Clozapine is widely regarded as a highly efficacious psychotropic drug that is largely underused worldwide. Recent disproportionality analyses and nationwide case-control studies suggested a potential association between clozapine use and hematological malignancy (HM). Nevertheless, the absolute rate difference is not well-established due to the absence of analytic cohort studies. The clinical significance of such a potential risk remains unclear.

Methods and findings

We extracted data from a territory-wide public healthcare database from January 2001 to August 2022 in Hong Kong to conduct a retrospective cohort study of anonymized patients aged 18+ years with a diagnosis of schizophrenia who used clozapine or olanzapine (drug comparator with highly similar chemical structure and pharmacological mechanisms) for 90+ days, with at least 2 prior other antipsychotic use records within both groups. Weighted by inverse probability of treatment (IPTW) based on propensity scores, Poisson regression was used to estimate the incidence rate ratio (IRR) of HM between clozapine and olanzapine users. The absolute rate difference was also estimated. In total, 9,965 patients with a median follow-up period of 6.99 years (25th to 75th percentile: 4.45 to 10.32 years) were included, among which 834 were clozapine users. After IPTW, the demographic and clinical characteristics of clozapine users were comparable to those of olanzapine users. Clozapine users had a significant weighted IRR of 2.22 (95% confidence interval (CI) [1.52, 3.34]; p < 0.001) for HM compared to olanzapine users. The absolute rate difference was estimated at 57.40 (95% CI [33.24, 81.55]) per 100,000 person-years. Findings were consistent across subgroups by age and sex. Sensitivity analyses all supported the robustness of the results and showed good specificity to HM but no other cancers. The main limitation of this observational study is the potential residual confounding effects that could have arisen from the lack of randomization in clozapine or olanzapine use.

Conclusions

Absolute rate difference in HM incidence associated with clozapine is small despite a 2-fold elevated rate. Given the rarity of HM and existing blood monitoring requirements, more restrictive indication for clozapine or special warnings may not be necessary.

Author summary

Why was this study done?

  • Preliminary epidemiologic evidence has been reported on an elevated risk of hematological malignancy (HM) associated with clozapine use.
  • The clinical significance (or insignificance) of such a risk is yet to be determined.
  • Analytic cohort studies are needed to estimate the rate difference, i.e., number of additional cases associated with clozapine use, in addition to rate ratios.

What did the researchers do and find?

  • Using the territory-wide electronic health records from Hong Kong public healthcare facilities, we built a retrospective cohort to compare the incidence of HM between clozapine and olanzapine users.
  • Similar with previous research, we found a 2-fold elevated rate of HM in clozapine users.
  • Nevertheless, the rate difference between clozapine and olanzapine users were small, i.e., approximately 1 additional case of HM in every 1,700 person-year of exposure to clozapine.

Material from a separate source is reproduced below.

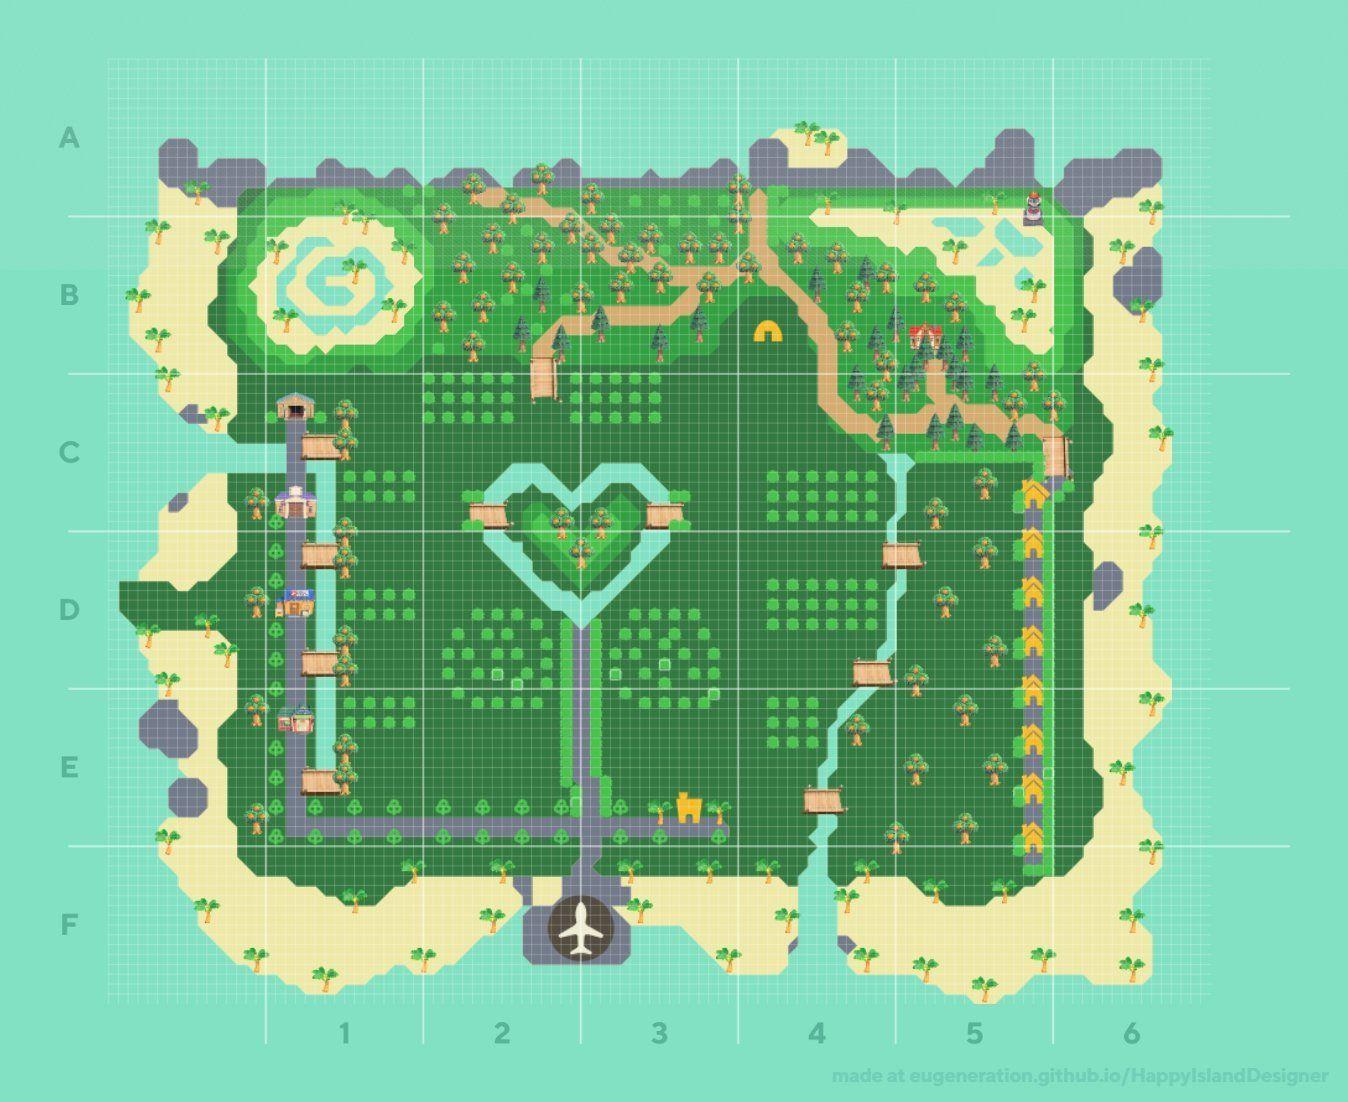 Happy Island Designer Guide Animal Crossing New Horizons Map Planner Crossingcharm Acnh Island Des In 2020 Animal Crossing New Animal Crossing Animal Crossing Qr
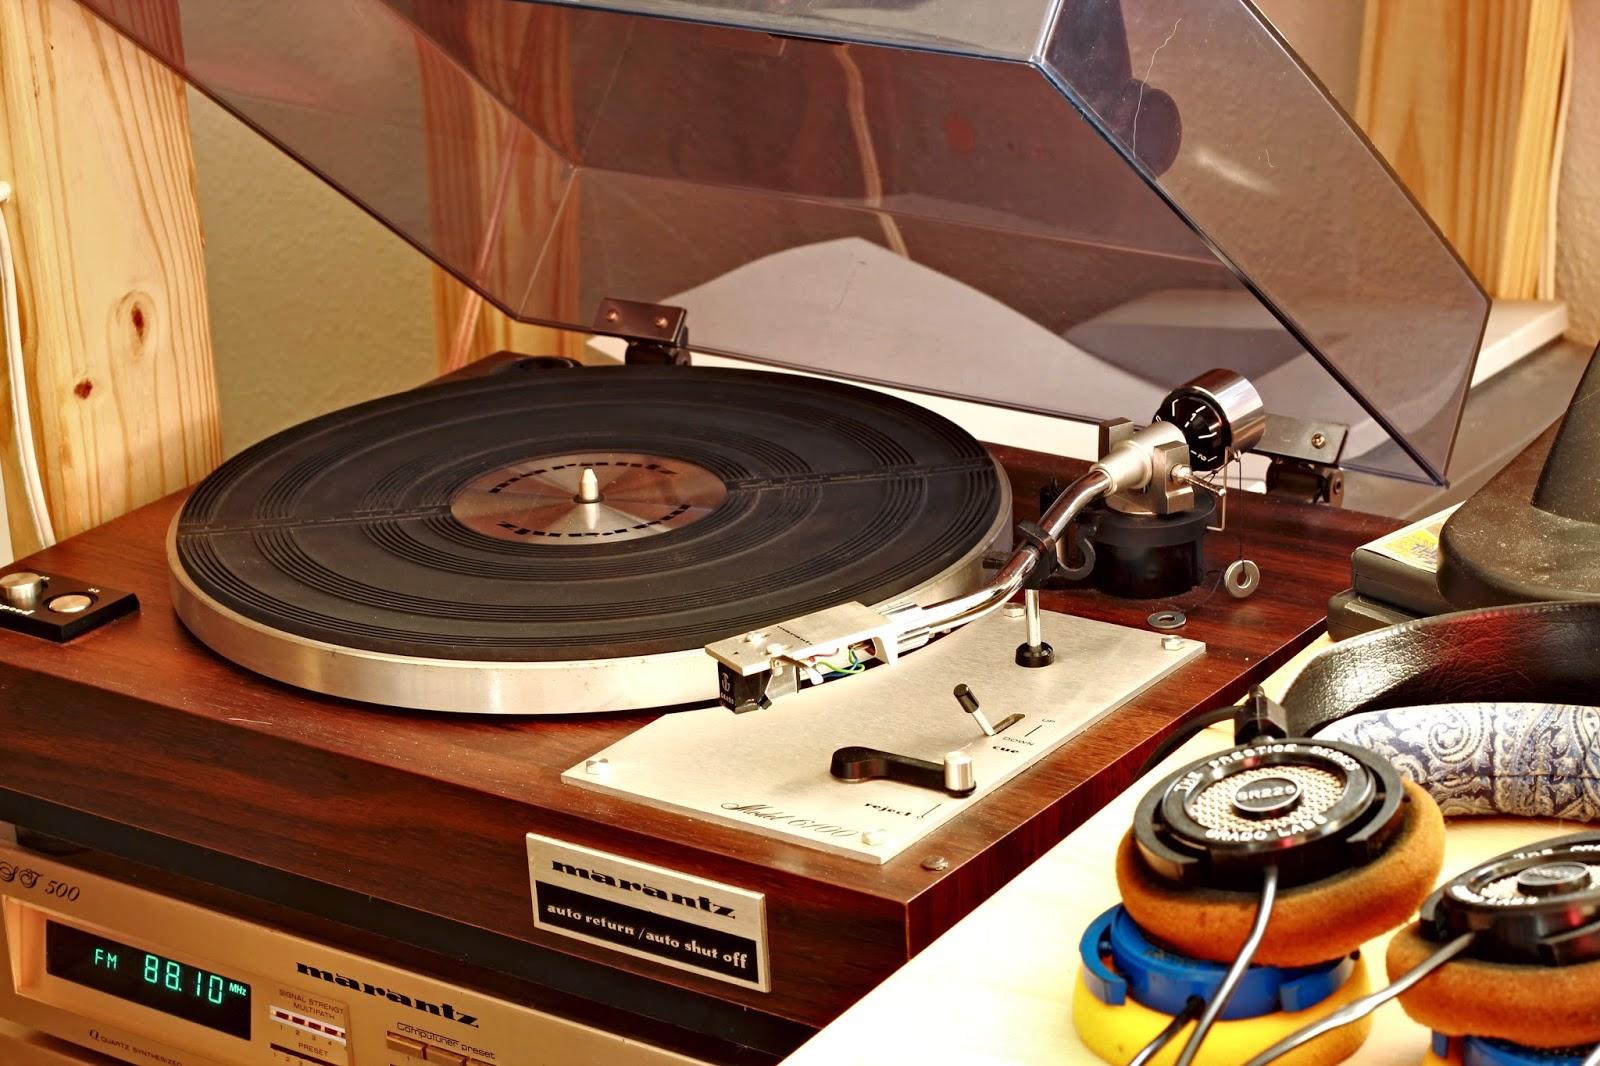 Golden Age Of Audio The Marantz 6100 Turntable

What do these findings mean?

  • The previously observed elevated risk of HM associated with clozapine is supported by territory-wide data in Hong Kong.
  • The absolute rate difference is small and, given existing risk mitigation measures for hematological abnormalities, does not necessitate additional restrictions on the indication of clozapine or special warnings.
  • As the assignment of clozapine versus olanzapine use in this cohort was not randomized, there may be underlying factors that are related to both clozapine use (versus olanzapine) and HM that gave rise to the observed association but were not considered.

Introduction

Clozapine is a second-generation antipsychotic agent widely regarded as a highly efficacious psychotropic drug, with the lowest all-cause mortality rate observed compared with other antipsychotics [1,2]. It is largely considered underused worldwide, possibly due to blood monitoring requirements [3]. Previous research has suggested a rare risk of hematological abnormalities associated with clozapine, such as agranulocytosis, eosinophilia, and thrombocytopenia [4]. In fact, recent real-world evidence on the risk of hematological malignancy (HM) associated with the use of clozapine is also accruing. A disproportionality analysis of VigiBase in 2020 provided preliminary analytical evidence on such an association [5], which necessitated further pharmacovigilance actions [6]. In 2022, a nationwide Finnish study used a population-based case-control design and suggested a 3-fold increase in the odds of HM after using clozapine compared to other antipsychotics [7]. Similarly, a recent case-control study using the United States Veteran Health Administration Database showed comparable results [8]. Due to their retrospective ascertainment of antipsychotic use, however, the comparison between specific antipsychotic agents is not without limitations. Also, although there was a cohort study design within the Finnish study, it was used to estimate the crude incidence rate of HM without multivariable analyses, i.e., 61 versus 41 per 100,000 person-year among clozapine versus other antipsychotic users. The potential rate difference is, therefore, yet to be established.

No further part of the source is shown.